I sometimes feel I have the great misfortune to be the owner of my brain. Over the years I have spent a lot of time trying to first figure out if something was wrong with me, then what, then why, then if I can fix it, if I even want to fix it. I’ve been in and out of therapy since I was 14, first for low self esteem and self harm, later anxiety, depression, now OCD and I only now am beginning to feel like I am starting to understand. Youper is an app I’ve mentioned previously and it is something I’ve used off and on to track symptoms and understand the factors that impact my mood. When I first started the app I filled out a survey that analyzed factors of my personality. I take this with a grain of salt, but it is interesting.
Personally, I think this is pretty accurate. I’m very introverted despite not being shy, my emotions are always at the surface and I’m very disorganized.
In addition to this analysis over the years Youper has helped me gain insight into the factors that affect my mood. For instance, I’m calm when I stick to a routine that involves yoga, meditation, exercise and solitude.
However, I become quite overwhelmed in situations where I’m quite busy with work or school, if I have a bad routine and if I am sedentary. Unfortunately this has been the last few months for me. Kids also make me overwhelmed at times, however, this is partially linked to me OCD and intrusive thoughts so it is not always the case. Also, when I am practicing the self care that are listed above, kids are much more enjoyable to be around and become a more positive part of my day. Though I’d be lying if they weren’t too much sometimes, I think any educator can say that.
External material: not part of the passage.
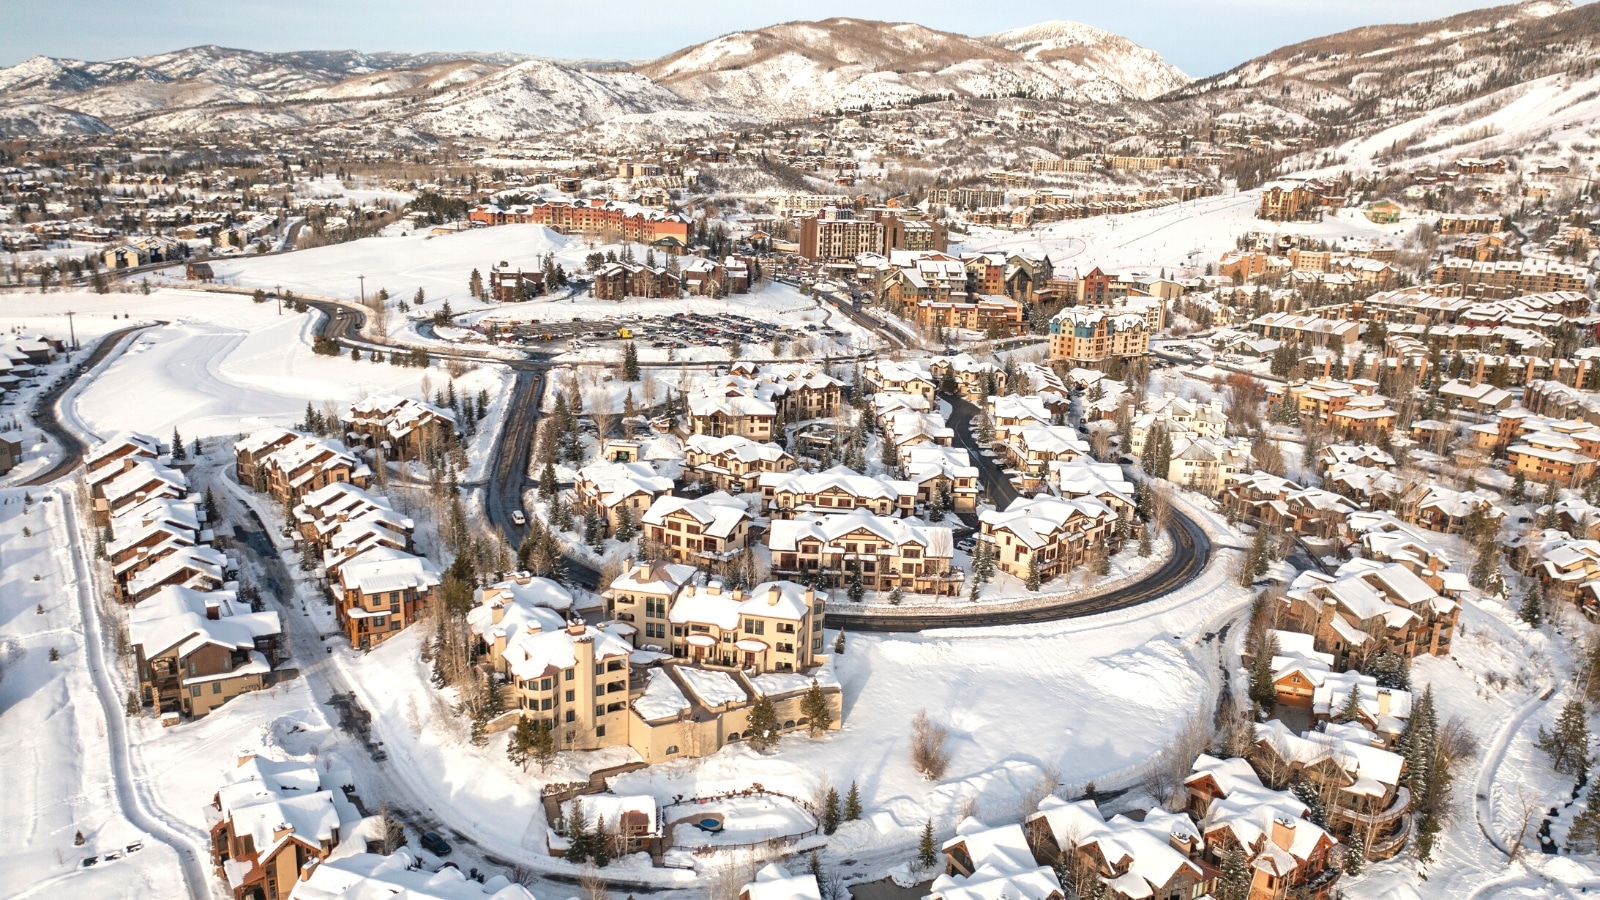 An aerial perspective capturing the snowy cityscape of Steamboat Springs. The image depicts a vast expanse of snow covering houses, rooftops, and the surrounding landscape. Numerous houses are visible within the snowy terrain. The hills in the background are also covered with snow.

My frustration over the years is in that while I can see these connection, I rarely act in ways that support those positive moods which fuels depressive episodes, which feed the bad habits and the cycle continues. This year I have been on a journey to explore all the factors in my brain be they anxiety/ocd, depression, the possibility that I have ADHD. Through this I have explore CBT and ERP therapy and for this inquiry I’m going to write down what I have learned and look into more sources to gain a deeper understanding beyond my own experience.